Each data structure has its benefits, uses, and processing time, but if we want a one-stop destination library of Python for analyzing data, Pandas would be the best.
Some of the most common mistakes which people make while using Pandas are:
Performing a single task on Dataframe at a time makes the code efficient and easy to understand. This is not true, as the performance of code depends on two things: the algorithm's efficiency and the CPU's memory consumption. The algorithm's efficiency remains the same even if multiple operations are performed in a single step instead of creating multiple Dataframes. So the deciding factor becomes memory utilization. Please see the code below.
import pandas as pd
df1 = pd.read_csv('song_stats.csv')
df2 = df1.dropna()
df3 = df2.groupby('Singer names')
Now, in the end, we only used the Dataframe df3, but df1 and df2 are also stored, which leads to a wastage of CPU memory and hence affects the performance of the code. To resolve this, we can do both steps in a single step, as shown below:
df = pd.read_csv('song_stats.csv').dropna().groupby('Singer names')
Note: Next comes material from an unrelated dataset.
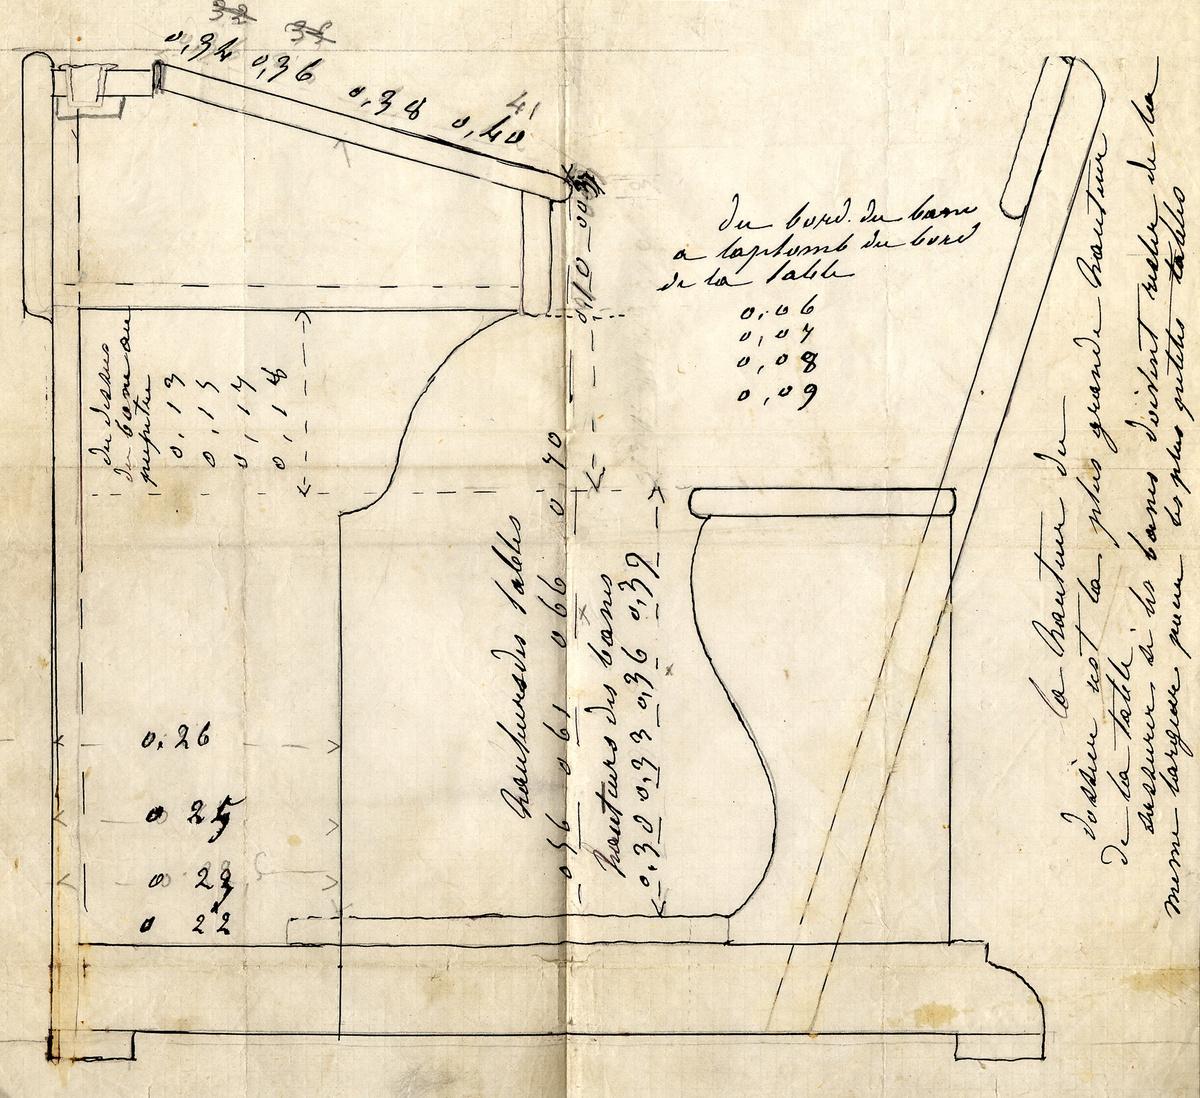 Le dessin, coté et annoté, représente une coupe de la table-banc des écoles du F
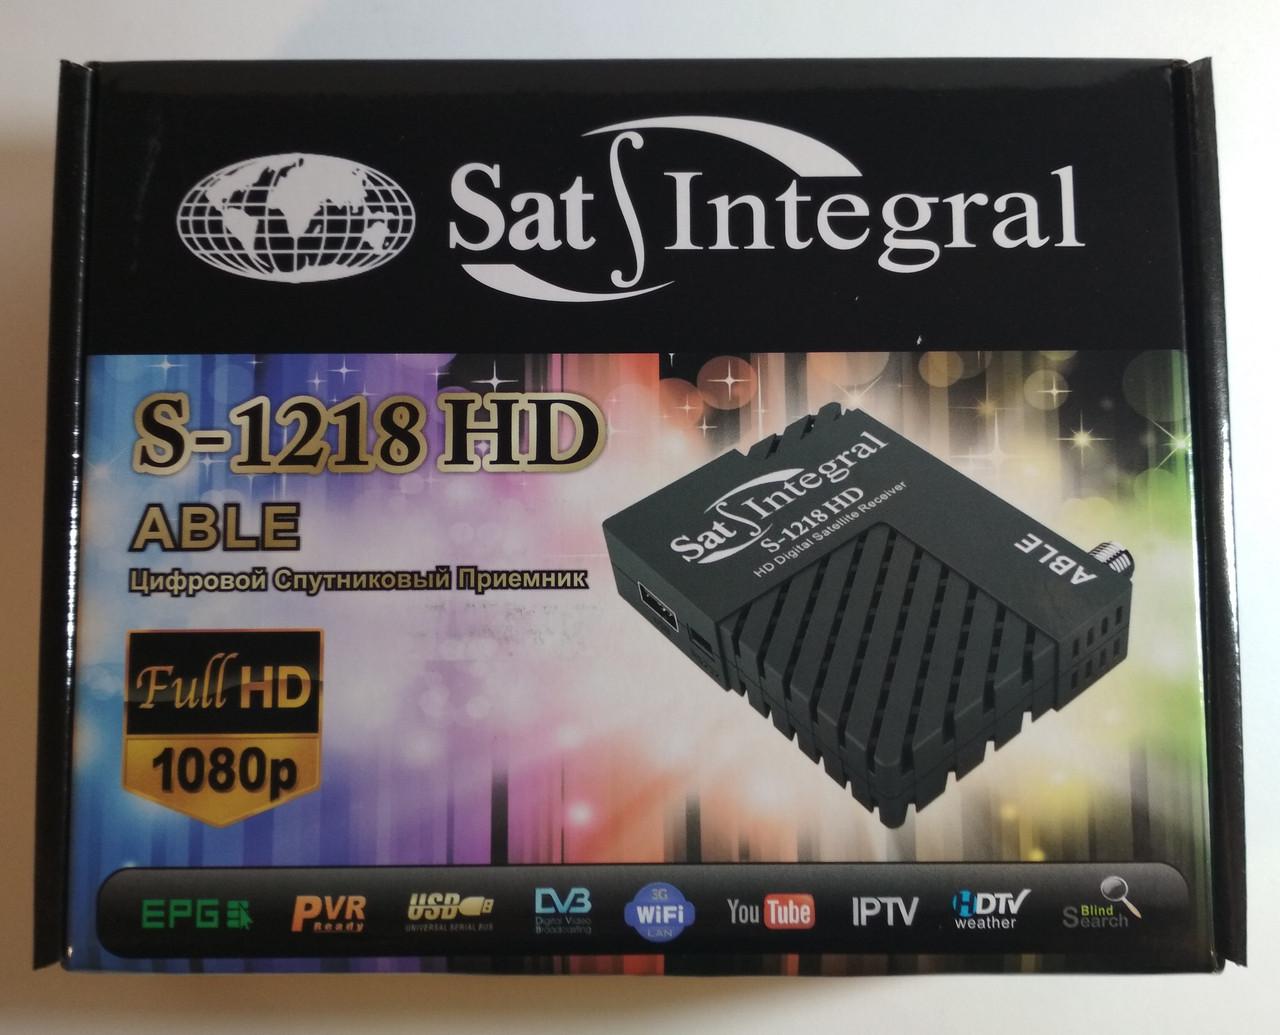 Спутниковый тюнер ресивер Sat-Integral S-1218 HD ABLE

We have learned all about Pandas. Let us see the most commonly asked question in interviews about Pandas.
Pandas is a valuable tool for Python developers, allowing for efficient data visualization, exploration, and cleaning. In today's data-driven world, it has become necessary for developers in various fields, from model building to data engineering. In this article, we covered the basics of Pandas, including handling missing values, performing basic operations, and joining DataFrames. We hope you found the information helpful.